Abbas was due to return to the occupied West Bank from Jordan on Thursday, and it was not immediately clear whether he would accept the resignation of the U.S.-educated economist.
A spokeswoman at Fayyad's office declined to comment on the reports, which followed persistent rumours that Abbas wanted to sack Fayyad following internal political wrangling.
Western governments have offered staunch support to Fayyad ever since he became prime minister in 2007, seeing him as the architect of Palestinian state-building efforts, and his departure could complicate their ties with Abbas.
Long-strained relations between the 61-year-old Fayyad and Abbas worsened last month when the prime minister accepted the resignation of his finance minister, against the wishes of the president.
Initially successful in revitalising a sluggish Palestinian economy, Fayyad ran into trouble last year when Israel and the United States withheld vital funds to punish the Palestinians for seeking de facto statehood at the United Nations.

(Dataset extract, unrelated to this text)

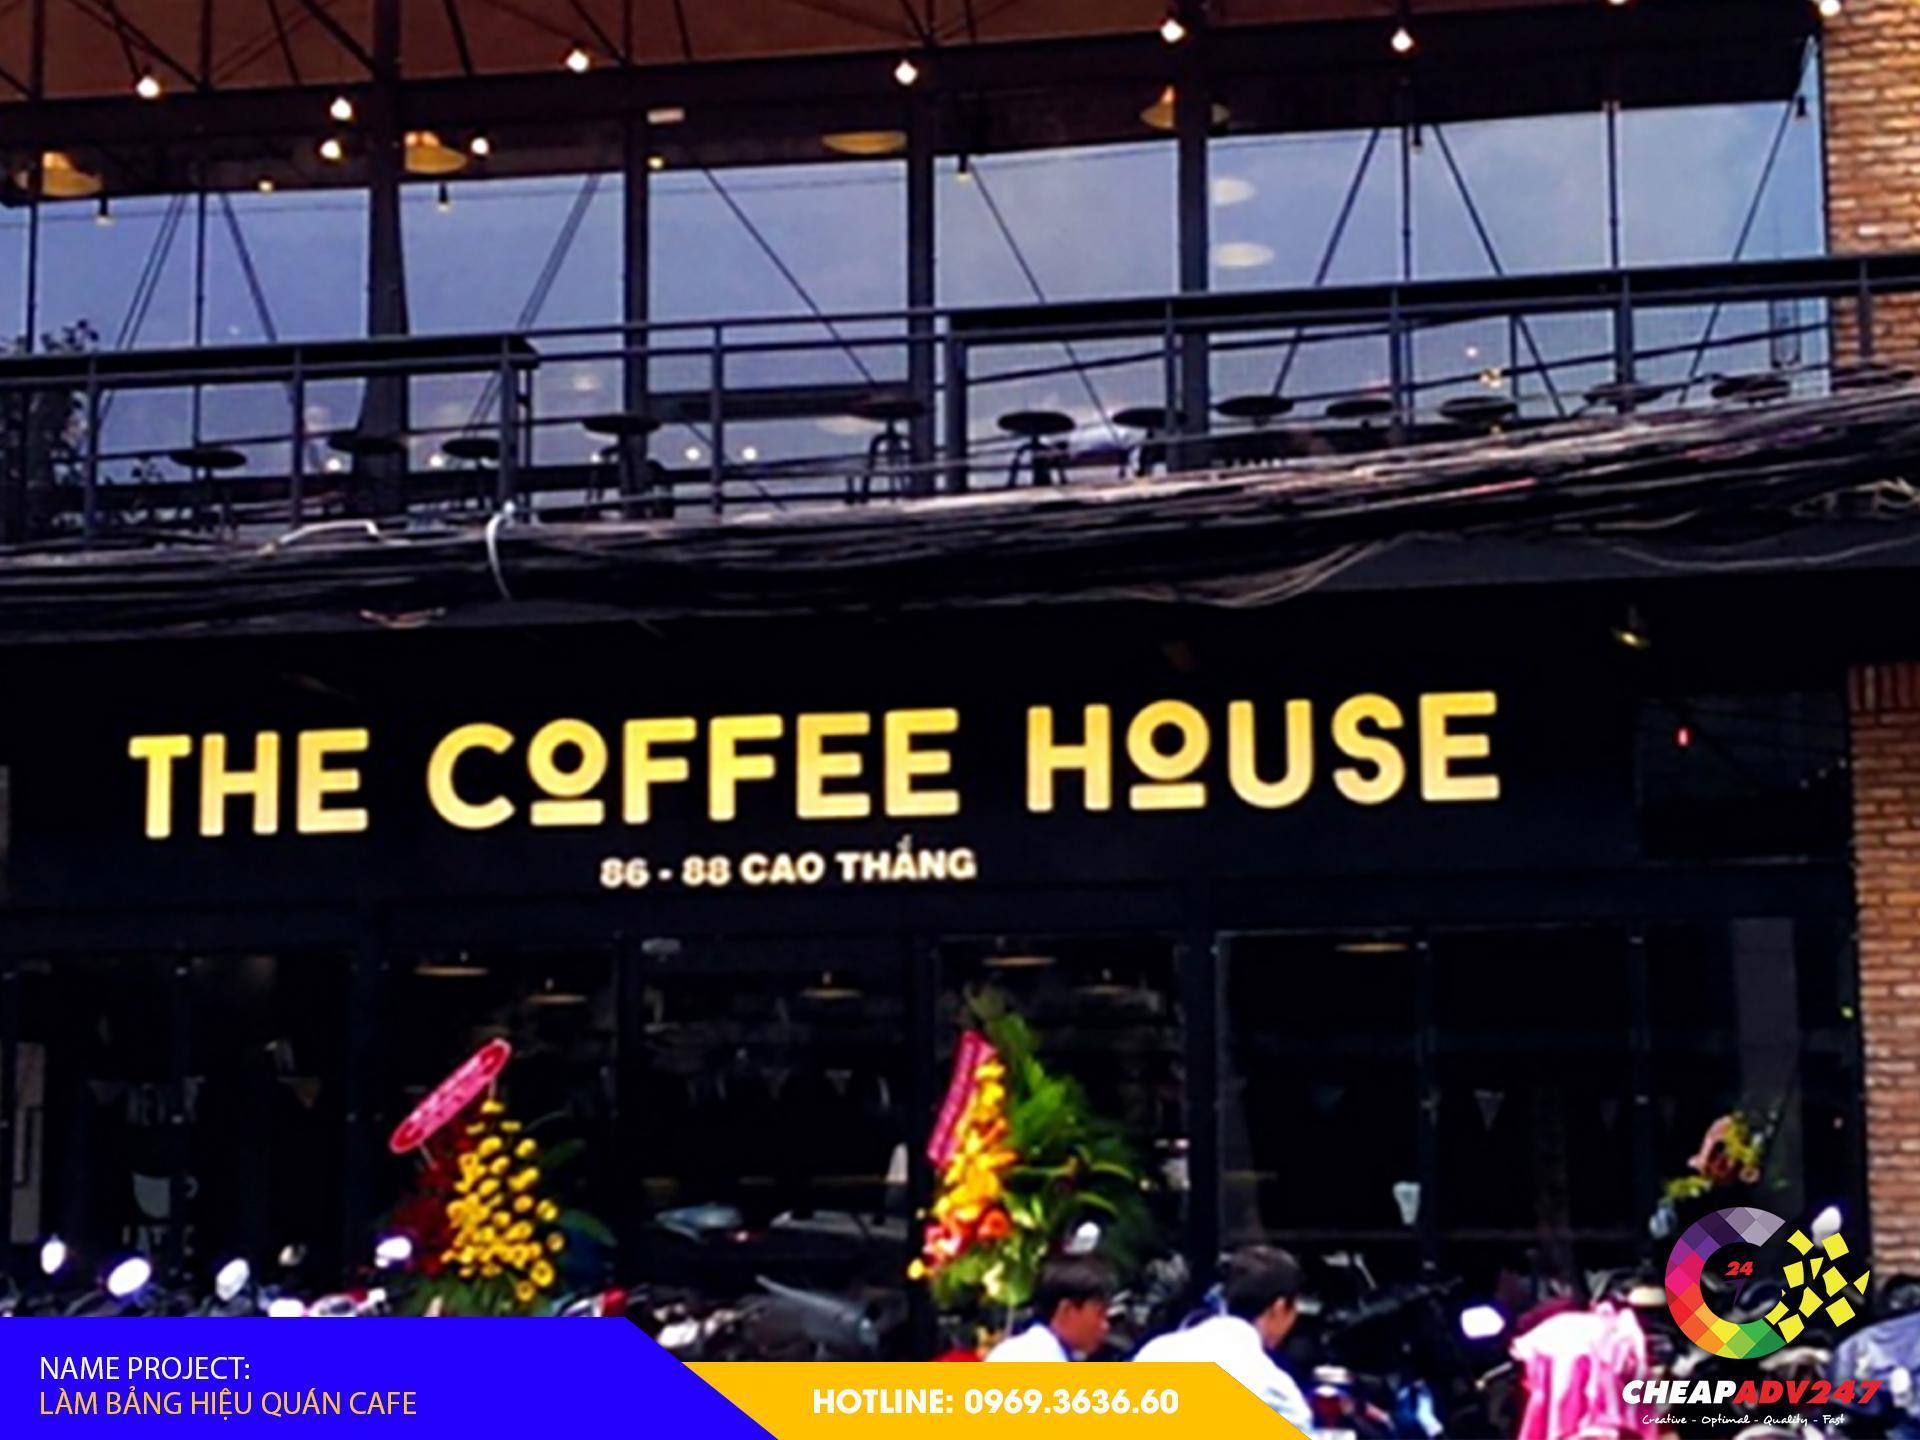 làm bảng hiệu quán cafe đẹp của cheapadv247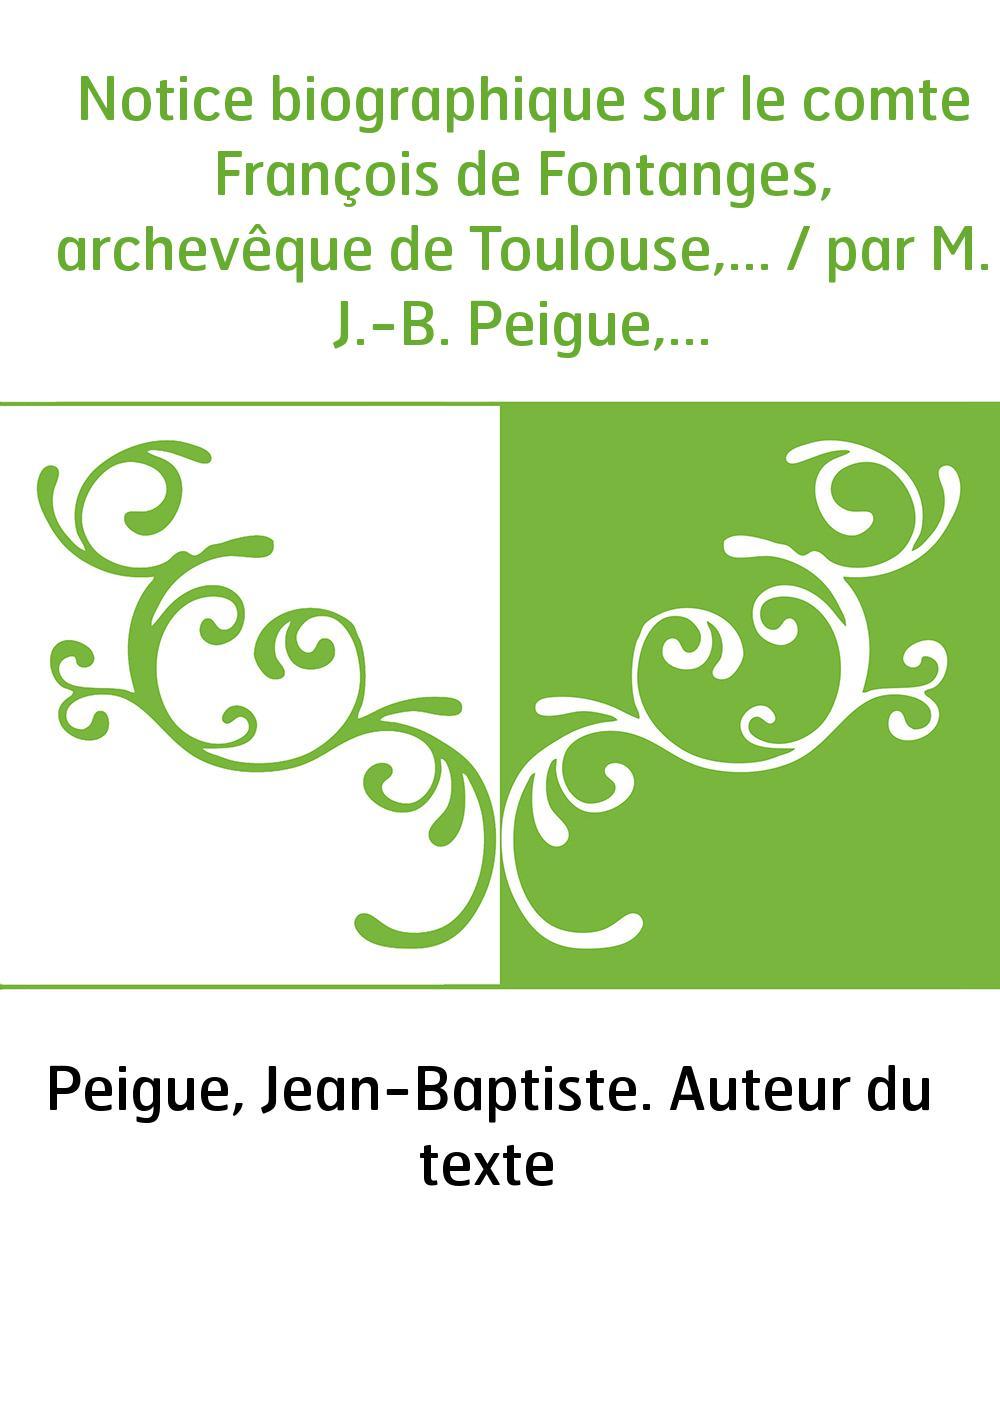 Notice biographique sur le comte François de Fontanges, archevêque de Toulouse,... / par M. J.-B. Peigue,...

They said the unilateral move ran counter to previous accords and their financial penalties meant Palestinian public sector salaries went unpaid, stoking street protests.
Abbas's Fatah party accused Fayyad of failing to foresee the turmoil and the party's council issued an unprecedented rebuke last week, saying: "The policies of the current government are improvised and confused in many financial and economic issues."
When he visited the West Bank last month, U.S. President Barack Obama explicitly described both Abbas and Fayyad as "true partners" in a peace process that he hopes to revive between Israeli and Palestinian leaders in the coming months.
U.S. Secretary of State John Kerry also met Fayyad this week during a visit to Jerusalem in an apparent show of support for the beleaguered prime minister.
Speaking earlier on Wednesday about the rumours of a division between Fayyad and Abbas, a senior diplomat in Jerusalem said Western aid donors would be very upset to see the respected prime minister leave his post.
"Fayyad's departure would have a serious impact on relations with the international community," said the diplomat, who spoke on condition of anonymity. "It is hard to overstate how important Fayyad has been."
The diplomat added that Fayyad's institution-building drive in the West Bank had been "the single best thing" that had happened in the Palestinian territories in recent years, adding that the premier was also highly trusted by Israeli leaders.
Fayyad's close ties with the West have irritated senior Fatah officials, who have accused him of trying to build an unassailable powerbase, despite the fact that he had no significant political support amongst ordinary Palestinians.
The Islamist group Hamas, which controls the Gaza Strip, has repeatedly accused Fayyad of helping Israel to blockade its coastal territory and has never recognised him.
Fayyad spent two days in hospital earlier this month after suffering severe stomach pains. He had a heart attack in 2011.